悪意との共存
そこから特に苦労はなかった。理由は簡単で一人でも突拍子のない事実を理解してくれた人がいたことが理由だった。アズサは躊躇っていたのだ。魔法が身近なものであるのはアズサだけなのだから。
魔女の存在は有名になっていった。次に来た人間は少年だった。リョウと名乗った彼は恐怖心を消したいと言っていた。アズサは何人もの願いを叶える上で自分の元にくる人間は何かしらアズサの持つ"普通"からかけ離れたものを持っていた。そもそも魔法の存在を信じている人間はいたとしてその事実を受け入れられる人物は少ないのだろう。しかしながら願いを叶えられた人物が増えれば増えるほど魔女の存在は有名になっていた。コノハはそんな時に現れた。
アズサのこの欲求不満は思わぬところで解消された。アズサは形を問うていなかった。欲しかったのは願いを叶えることで役に立ったという実感であった。それはコノハによって得ることができた。アズサはコノハにも、ユウにも。両者の役に立ったのだ。それはとても嬉しいことだった。
アズサは優しかった。人の役に立ちたいと思った。人に危害を加えたくないと思った。これを優しいと表現するのは些かおかしいのかもしれないが。
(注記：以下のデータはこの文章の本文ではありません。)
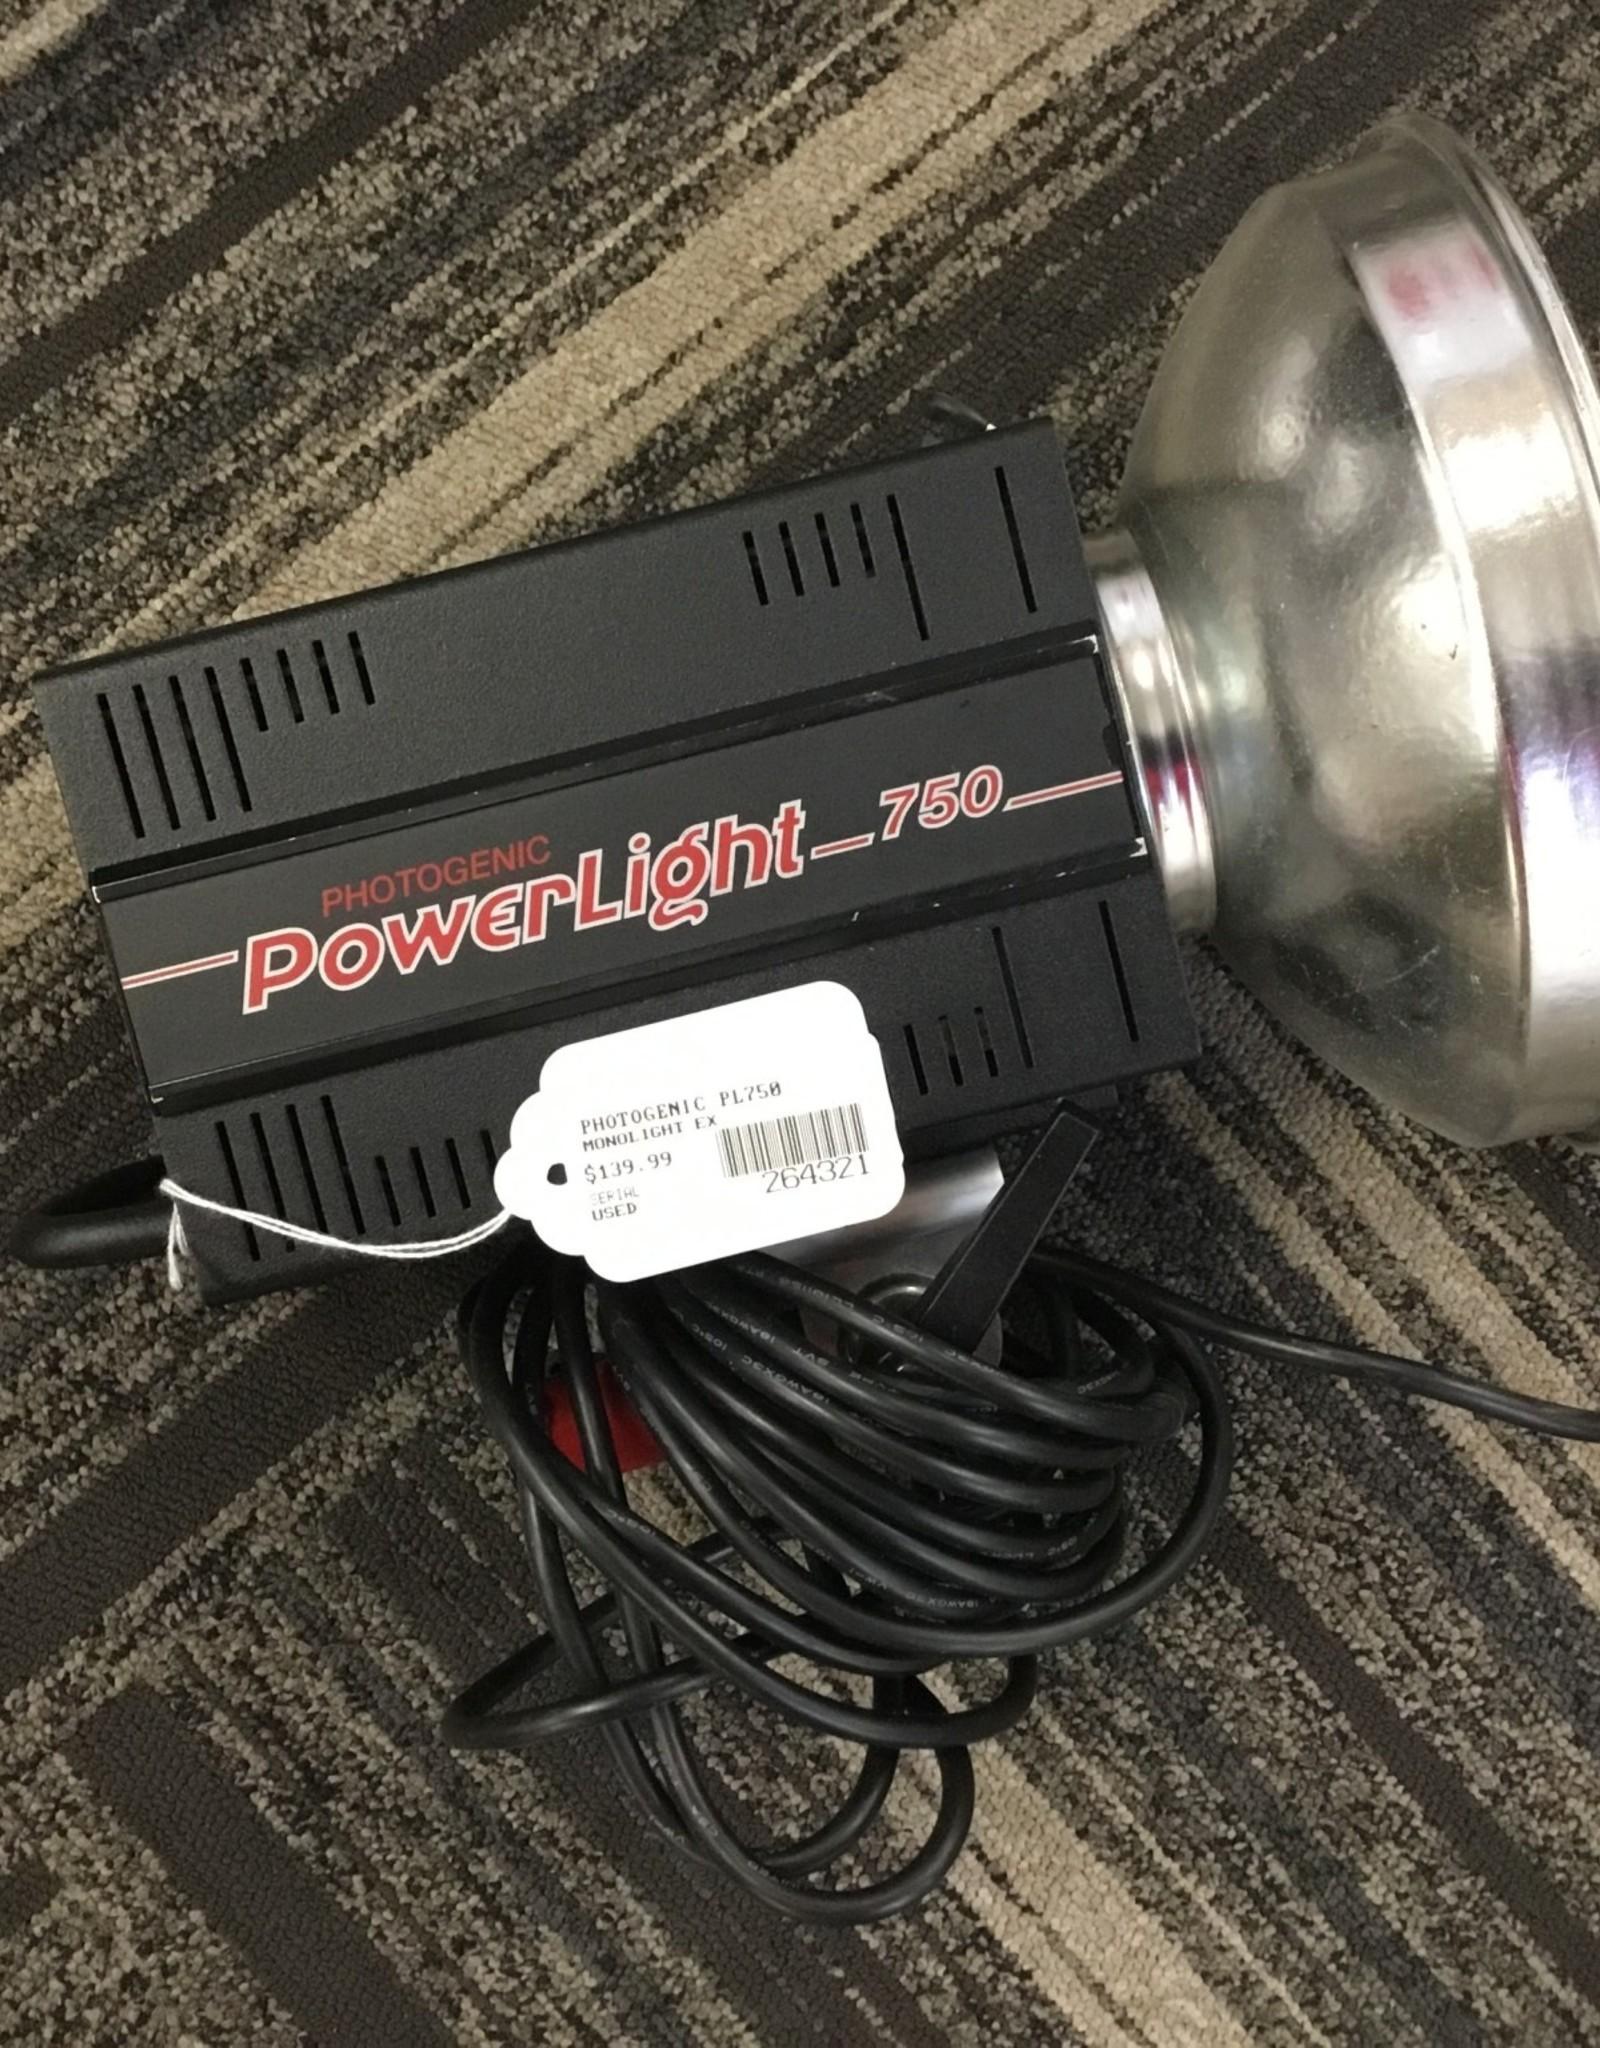 Photogenic PL750 monolight used ex

アズサは他人に危害を加えることを望んでいた。しかしアズサは人に危害を加えると心が痛む人間であった。故にアズサは対価という言葉を免罪符にしたのだ。
奪うこと。それは確かに喜びではあった。しかしアズサは泣いていた。コノハを殺したのは自分であるという事実を受け止めた上で。それがコノハの望みであることを知ってる上で、アズサは涙を流した。
コノハは今何をしてるだろう。
私は何がしたかったのかしらね。
魔女、私は魔女。不可能はない。
だからこそ、苦しい。欲求を満たすのが簡単なのは、苦しいの。
でも、少しでも
誰かが私を肯定してくれれば、それでいいかな。同情でもいいから。
一種の有名人になった私。
そんなの、別に最初から欲しくなかった。手段だ。私の元に沢山人が来て沢山願いを叶えて、私は感覚を奪う。それが私の悪意との共存の方法。きっと、きっと正しい決断だったはずよね。多分。